Major Medical Pet Health Insurance
[0040] A suitable rider for the present invention may be a pet
health insurance rider which provides health care coverage for a
pet in exchange for a premium. A preferred rider is one that provides
major medical coverage for a pet. A method for providing major medical
coverage comprises providing a relatively high deductible, such
as $1,000 per year. The rider would cover medical costs incurred
by the pet that were in excess of $1,000 in a given year.
[0041] A suitable annual deductible for major medical pet health
insurance covering pets with average annual medical costs of $150
to $300 per year is in the range of $150 to $3,000 per year. Suitable
annual deductibles for classes of pets with different average annual
medical costs will be in the range of 1 to 10 times said average
annual medical costs for said pets.
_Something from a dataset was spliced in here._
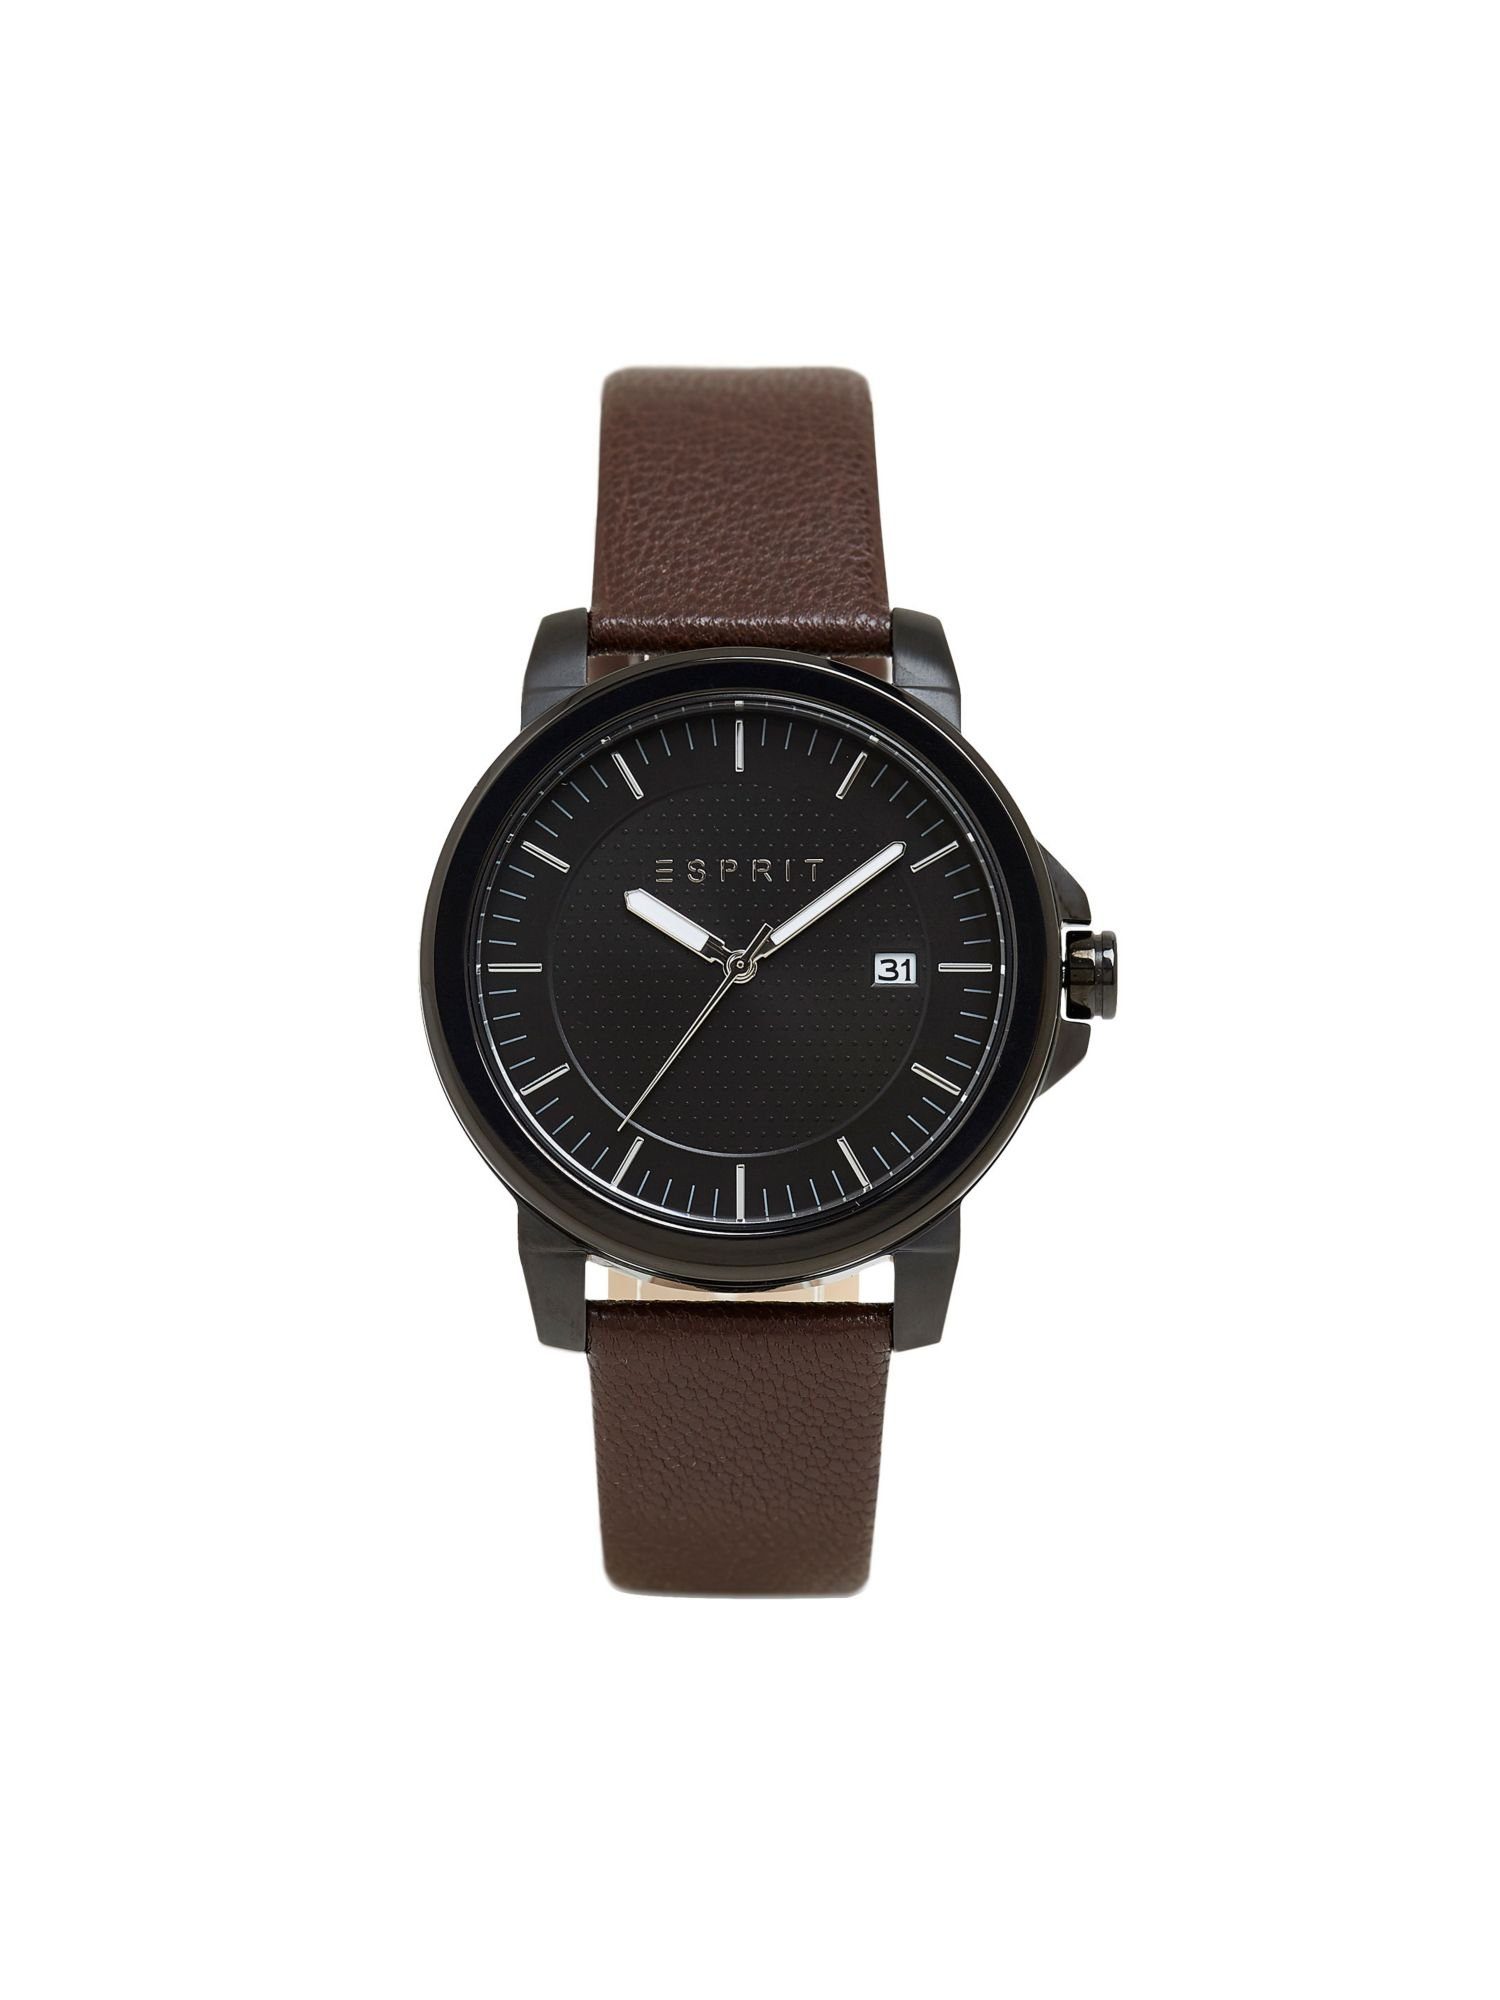 Esprit Quarzuhr Leder-Armband Edelstahl-Uhr mit

A preferred range would be 1.5
to 7 times said average annual medical costs. A more preferred range
would be 3 to 5 times said average annual medical costs.
[0042] All dollar values herein represent US currency as of 2001.
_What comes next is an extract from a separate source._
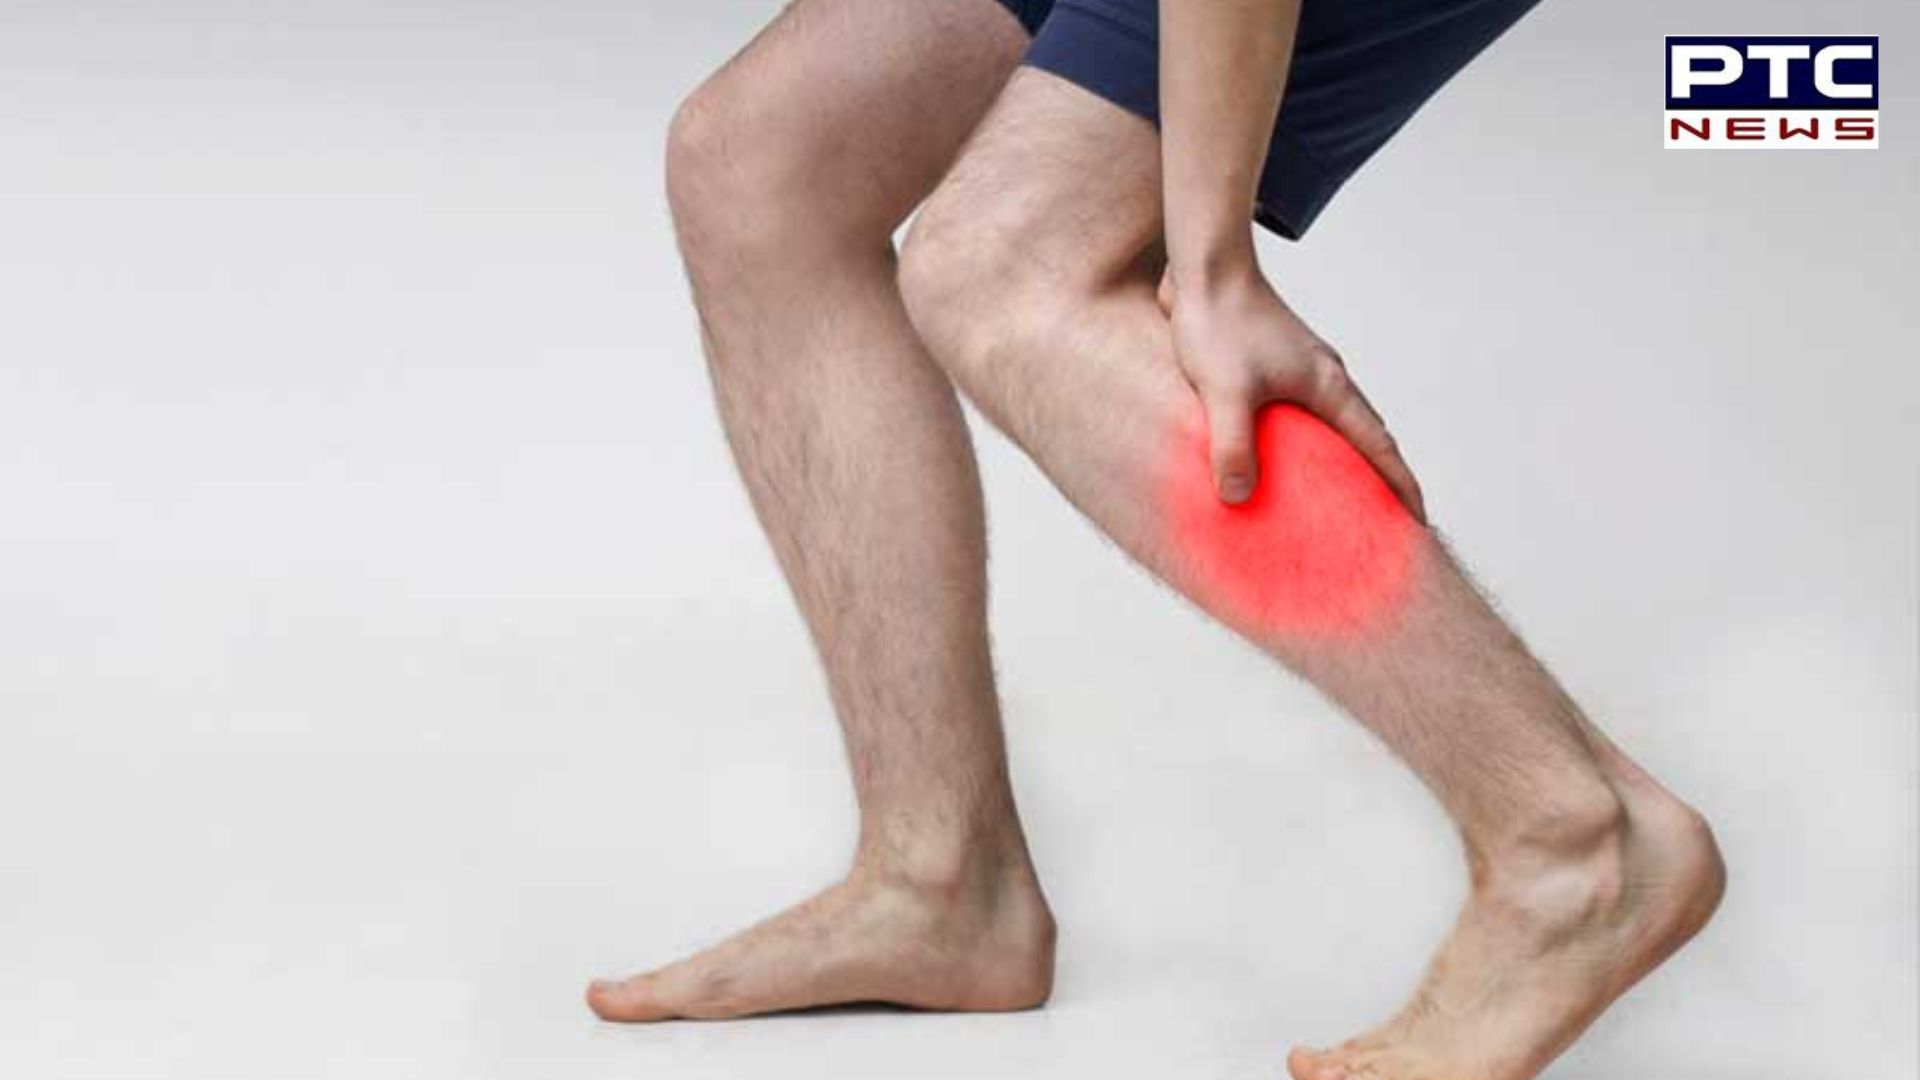 Leg Attack Symptoms: ਲੱਤਾਂ ਦਾ ਦੌਰਾ ਕੀ ਹੈ? ਜਾਣੋ ਇਸ ਦੇ ਲੱਛਣ ਤੇ ਬਚਾਅ ਦੇ ਢੰਗ

Equivalent currency values for other jurisdictions and times may
be computed by standard means. Said means might employ published
exchange rates and inflation factors.
[0043] The rider of the present invention may have a cap of benefits
over the lifetime of an insured pet. A suitable cap is $15,000 for
a type of pet with an average medical cost in the range of $150
to $300 per year.
[0044] The rider would require the payment of a premium in order
to be in force. A suitable premium might be in the range of $50
to $600 per year for a type of pet with average medical costs in
the range of $150 to $300 per year. The premium would be suitable
for a $500 deductible. The premium and deductible may be proportionally
higher or lower for classes of pets with higher or lower average
annual medical costs.
[0045] The inventive major medical pet health insurance rider disclosed
herein may be offered as a stand-alone policy that is not contingent
upon the maintenance of a first insurance policy.
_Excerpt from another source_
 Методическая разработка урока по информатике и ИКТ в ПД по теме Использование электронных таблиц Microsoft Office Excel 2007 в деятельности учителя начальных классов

Premium Calculation for Major Medical Pet Health Insurance
[0046] A suitable premium for a major medical pet health insurance
stand alone policy or rider may be calculated by projecting the
present value of the expected claims for the insured pet using a
reasonable set of pricing assumptions. Reasonable assumptions for
the insured pet may be based on the age of the pet, type of pet,
breed of pet, species of pet, geographic location of pet, demographic
characteristics of the owner of the pet, prior medical history of
the pet and frequency of vaccinations of the pet. Other underwriting
characteristics relevant to the frequency or severity of claims
may also be used.
[0047] A suitable source of data for pricing major medical pet
health insurance is the US. Pet Ownership & Demographics Sourcebook--2002
Edition (Sourcebook) published by the American Veterinary Medical
Association. Said Sourcebook is incorporated herein by reference.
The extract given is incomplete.